What's the interaction between derived instances and role annotations? Could a derived instance be more restrictive than the assigned roles? (It certainly couldn't be less restrictive!) How would a user specify that?

As you say: The derived instance have to adhere the roles, but may be more restrictive (if created using a standalone deriving instance). The non-standalone-deriving instance would be the one that we have currently.

OTOH, this gets hairy once we mix tycons with exported constructors and tycons without, but with exported Coercible instances, in a new data declaration and try to find out when we can coerce under that... and that issue is well handled by roles and role inference. *shrug*

comment:31 follow-up: Changed 18 months ago by ekmett

deriving Coercible a b => Coercible (Map k a) (Map k b)

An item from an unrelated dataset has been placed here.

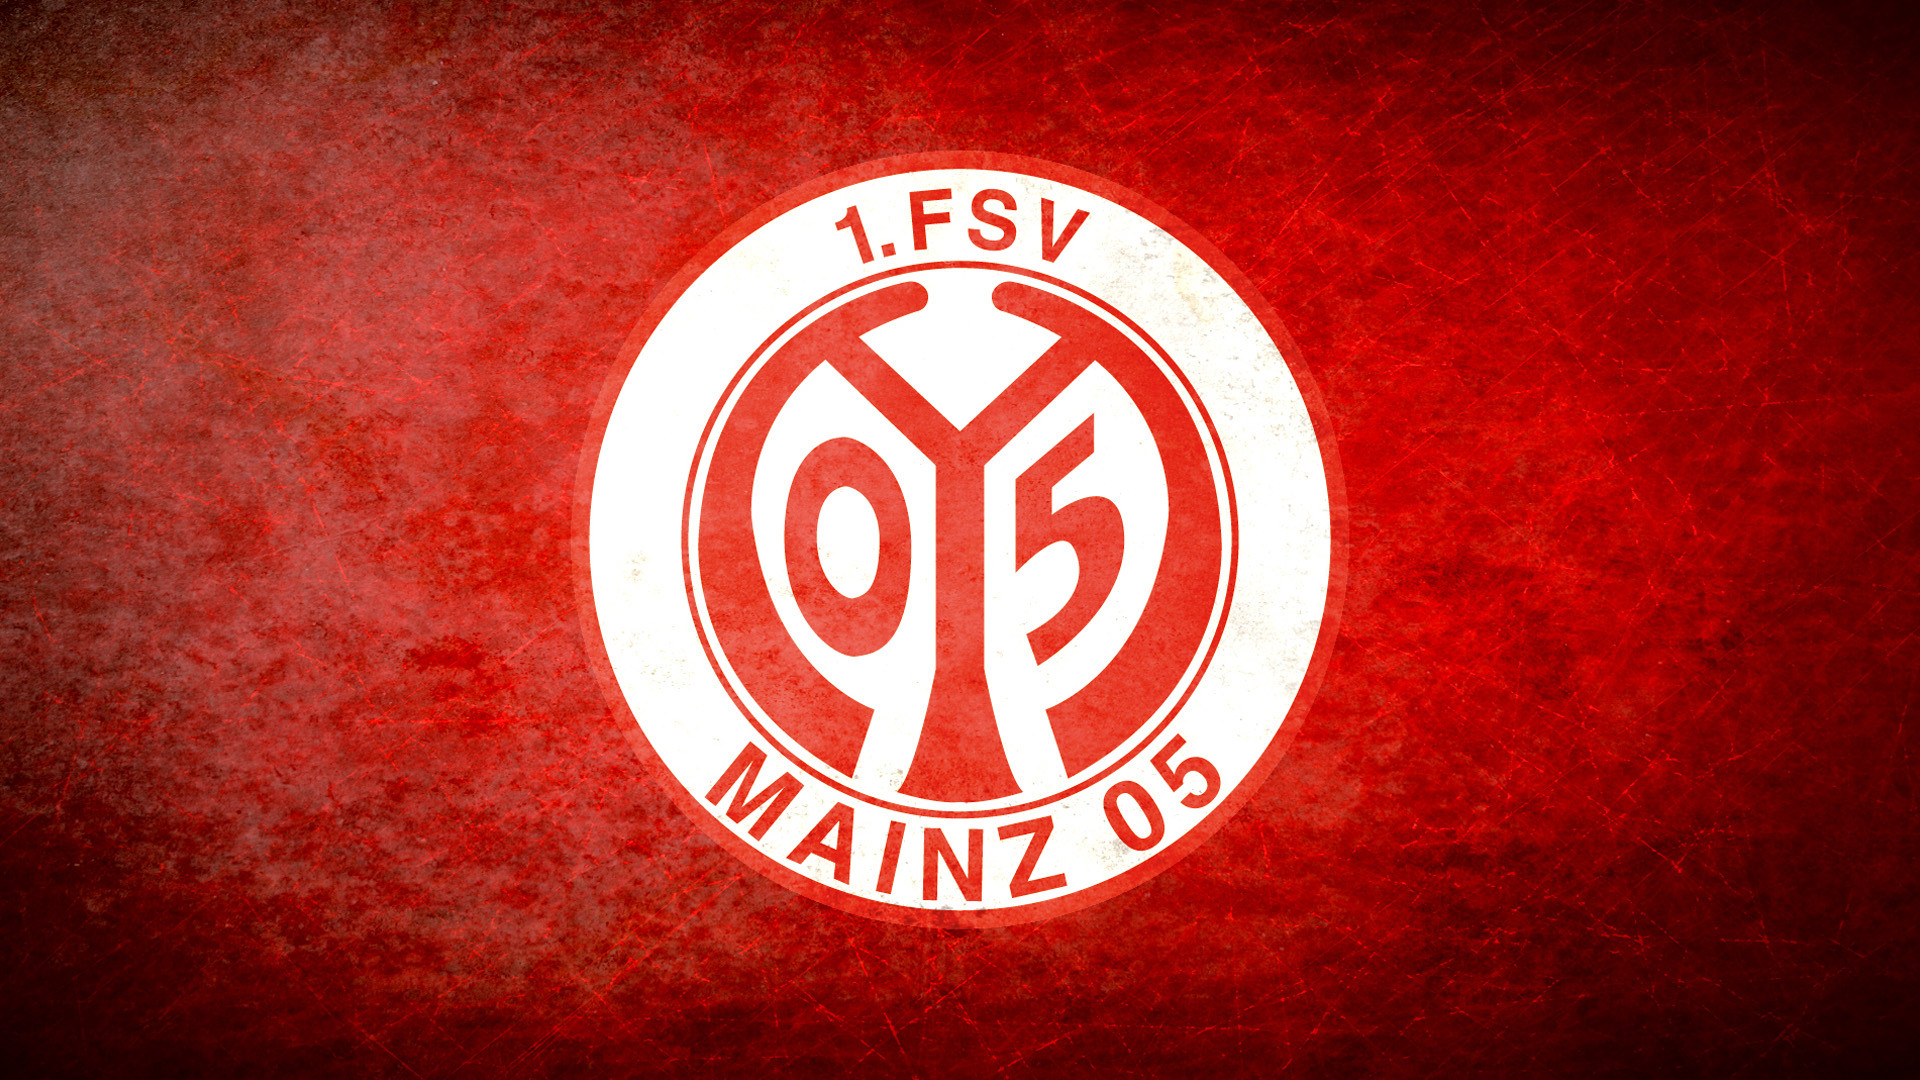 1 FSV Mainz 05 Wallpapers -01, Football Wallpapers, Football .

is somewhat in line with what I've been playing around with to try to work out how we can lift coercions over complex data types.

e.g.

class Representational (t :: k1 -> k2) where
  rep :: Coercion a b -> Coercion (t a) (t b)
  default rep :: Phantom t => Coercion a b -> Coercion (t a) (t b)
  rep _ = phantom

class Representational t => Phantom t where
  phantom :: Coercion (t a) (t b)
  default phantom :: Coercible (t a) (t b) => Coercion (t a) (t b)
  phantom = Coercion

Then easy cases we can already handle work:

instance Representational Proxy
instance Phantom Proxy

instance Representational Tagged
instance Phantom Tagged
instance Representational (Tagged a) where rep Coercion = Coercion

instance Representational Const where rep Coercion = Coercion
instance Representational (Const a)
instance Phantom (Const a)

instance Representational Coercion     where rep = unsafeCoerce
instance Representational (Coercion a) where rep Coercion = Coercion

instance Representational (->)       where rep Coercion = Coercion
instance Representational ((->) a)   where rep Coercion = Coercion

But with a few helpers

coerce1 :: Coercible a b => Coercion a c -> Coercion b c
coerce1 = coerce

coerce2 :: Coercible b c => Coercion a b -> Coercion a c
coerce2 = coerce

-- from Control.Lens as a placeholder
new :: (Rewrapping s t, Coercible (Unwrapped s) s, Coercible (Unwrapped t) t) => Coercion (Unwrapped s) (Unwrapped t) -> Coercion s t
new = coerce1 . coerce2

-- I don't see how to implement this one directly
eta :: forall (f :: x -> y) (g :: x -> y) (a :: x). Coercion f g -> Coercion (f a) (g a)
eta = unsafeCoerce

we can write several hard cases that are currently beyond our reach:

instance (Representational f, Representational g) => Representational (Compose f g) where
  rep = new.rep.rep

instance Representational m => Representational (StateT s m) where
  rep = new.rep.rep.eta.rep

instance Representational m => Representational (ReaderT e m) where
  rep = new.rep.rep

instance Representational m => Representational (WriterT w m) where
  rep = new.rep.eta.rep

Then instead of lifting Coercible a b into Coercible (f a) (f b) based on the role of f's next argument, it'd lift using the Representational instance.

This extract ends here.